TenantAtlas/specs/111-findings-workflow-sla/spec.md

# Feature Specification: Findings Workflow V2 + SLA

**Feature Branch**: `111-findings-workflow-sla`
**Created**: 2026-02-24
**Status**: Draft
**Depends On**: `specs/104-provider-permission-posture/spec.md`, `specs/105-entra-admin-roles-evidence-findings/spec.md`, `specs/109-review-pack-export/spec.md`
**Input**: Standardize the Findings lifecycle (workflow, ownership, recurrence, SLA due dates, and alerting) so findings management is enterprise-usable and not “noise”.

## Clarifications

### Session 2026-02-24

- Q: What should happen when the same finding is detected again, but its current status is terminal? → A: Auto-reopen only from `resolved`; `closed` and `risk_accepted` remain terminal (still update seen tracking fields).
- Q: When backfilling legacy open findings, how should the initial due date be set? → A: Compute from the backfill operation time (backfill time + SLA days).
- Q: When SLA due alerts fire, what should a single alert event represent? → A: At most one event per tenant per alert-evaluation window, emitted only when newly-overdue open findings exist; the event summarizes current overdue counts.
- Q: Which statuses should count as “Open” for the default Findings list and for SLA due evaluation? → A: Open = `new`, `triaged`, `in_progress`, `reopened`.
- Q: From which statuses should a user be able to manually “Reopen” a finding (into `reopened` status)? → A: Allow manual reopen from `resolved`, `closed`, and `risk_accepted`.
- Q: Where is the SLA policy configured, and what scope does it apply to? → A: Workspace-scoped setting (`findings.sla_days`) in Workspace Settings; applies to all tenants in the workspace.
- Q: How is the “alert-evaluation window” defined for SLA due gating? → A: Use the Alerts evaluation window start time (previous completed `alerts.evaluate` OperationRun `completed_at`; fallback to initial lookback). “Newly overdue” means `due_at` in `(window_start, now]` for open findings.
- Q: What must an `sla_due` event contain? → A: One event per tenant per evaluation window; `metadata` includes `overdue_total` and `overdue_by_severity` (critical/high/medium/low) for currently overdue open findings; fingerprint is stable per tenant+window.
- Q: If severity changes while a finding remains open, should `due_at` be recalculated? → A: No — `due_at` is set on create and reset only on reopen/backfill.
- Q: If a user resolves a finding while a detection run is processing, how is consistency maintained? → A: Detection updates may still advance seen counters, but automatic reopen MUST occur only when the observation time is after `resolved_at`.

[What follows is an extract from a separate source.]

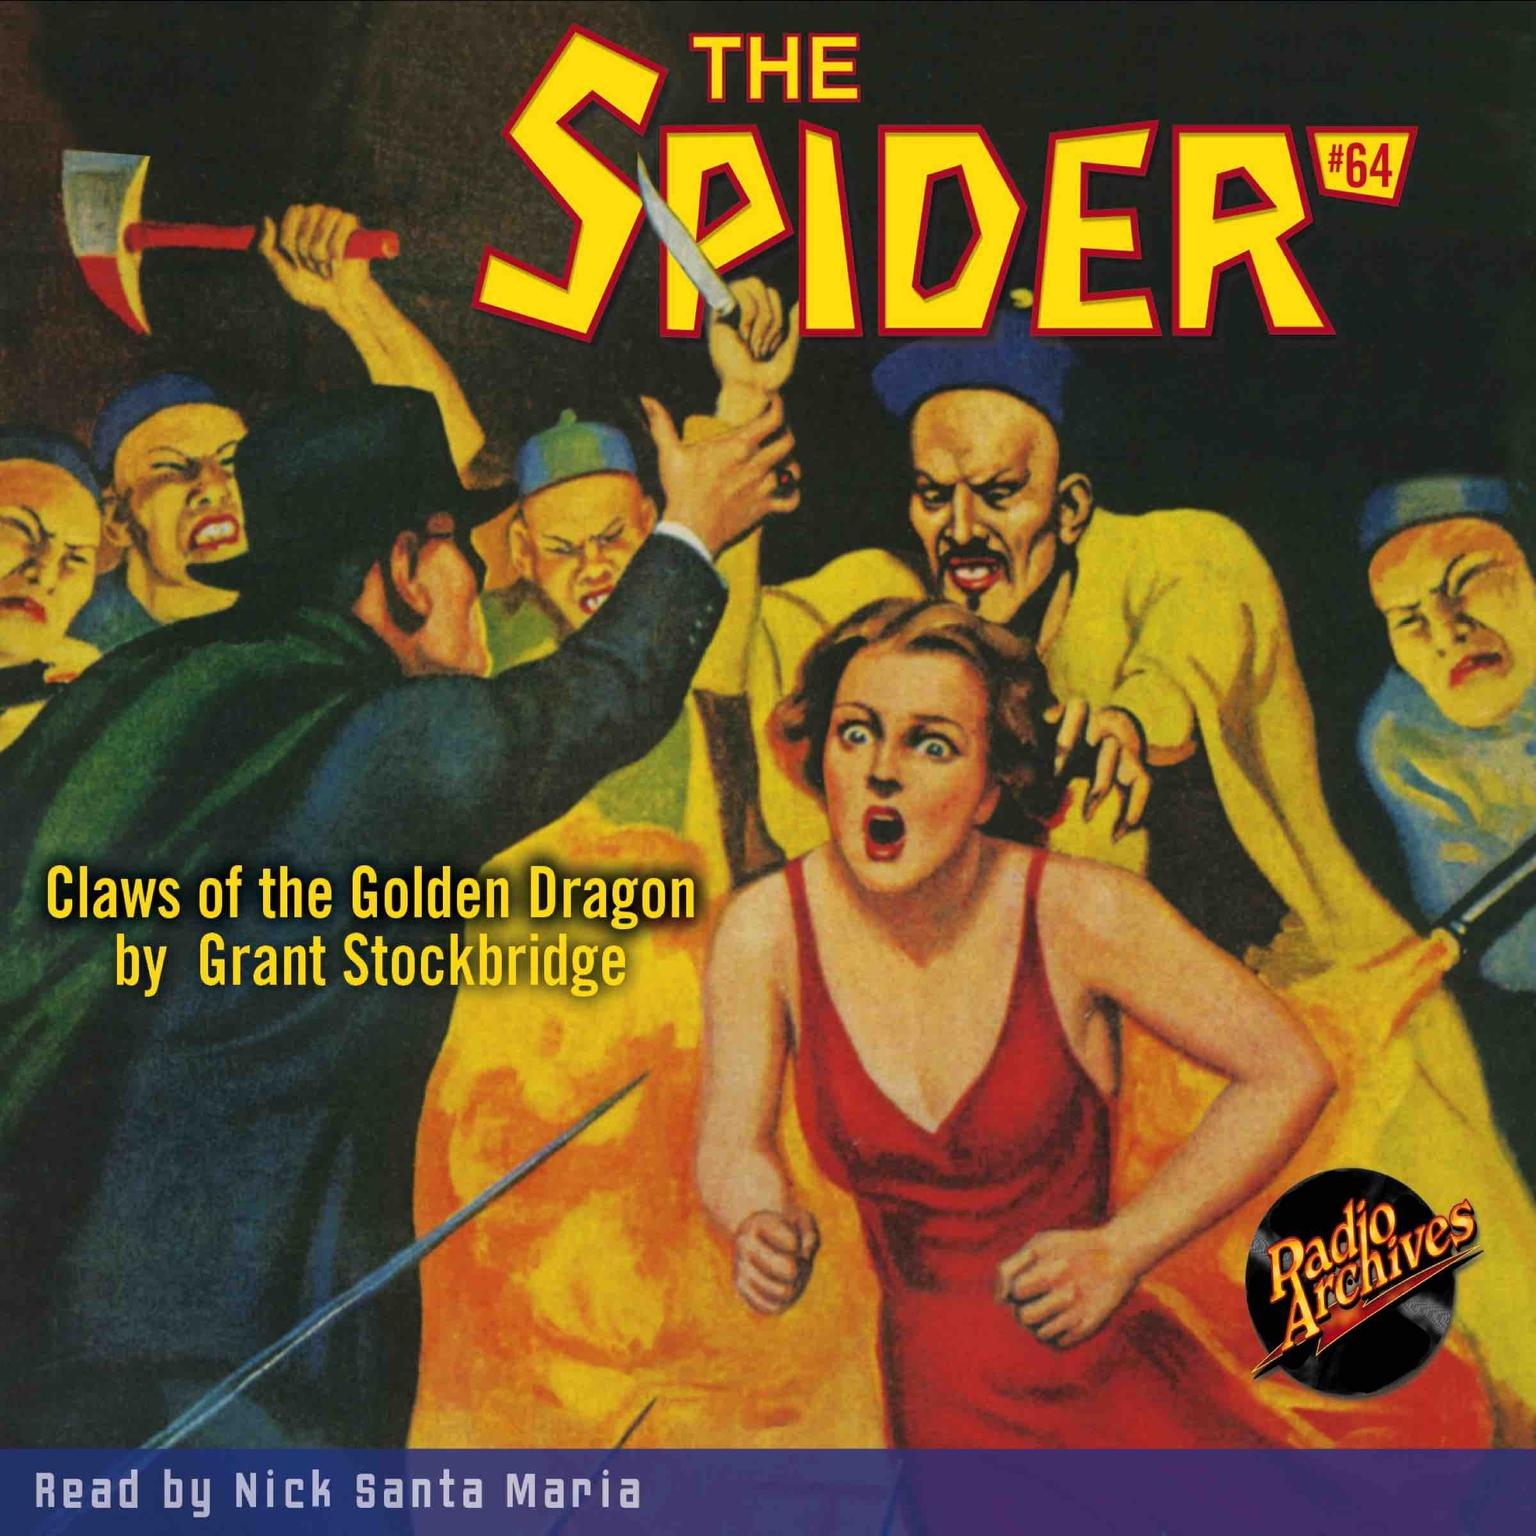 Spider #64, The: Claws of the Golden Dragon Audiobook, by Grant Stockbridge

## Spec Scope Fields *(mandatory)*

- **Scope**: tenant (Findings management) + workspace (SLA policy + Alert rules configuration)
- **Primary Routes**:
  - Tenant-context: Findings list + view (`/admin/t/{tenant}/...`)
  - Workspace-context Monitoring: Alert rules list + edit (`/admin/...`)
  - Workspace-context Settings: Workspace Settings (Findings SLA policy) (`/admin/...`)
- **Data Ownership**:
  - Tenant-owned: Findings and their lifecycle metadata
  - Workspace-owned: SLA policy settings (`findings.sla_days`)
  - Workspace-owned: Alert rules configuration (event types)
- **RBAC**:
  - Findings view + workflow actions are tenant-context capability-gated
  - Workspace Settings + Alert rules remain workspace capability/policy-gated (existing behavior)

*Canonical-view fields not applicable — this spec updates tenant-context Findings and workspace-scoped Alert Rules.*

## User Scenarios & Testing *(mandatory)*

### User Story 1 - See Open Findings (Priority: P1)

As a tenant operator, I can open the Findings page and immediately see the current open findings across all finding types, so I don’t miss non-drift issues and can focus on what needs attention now.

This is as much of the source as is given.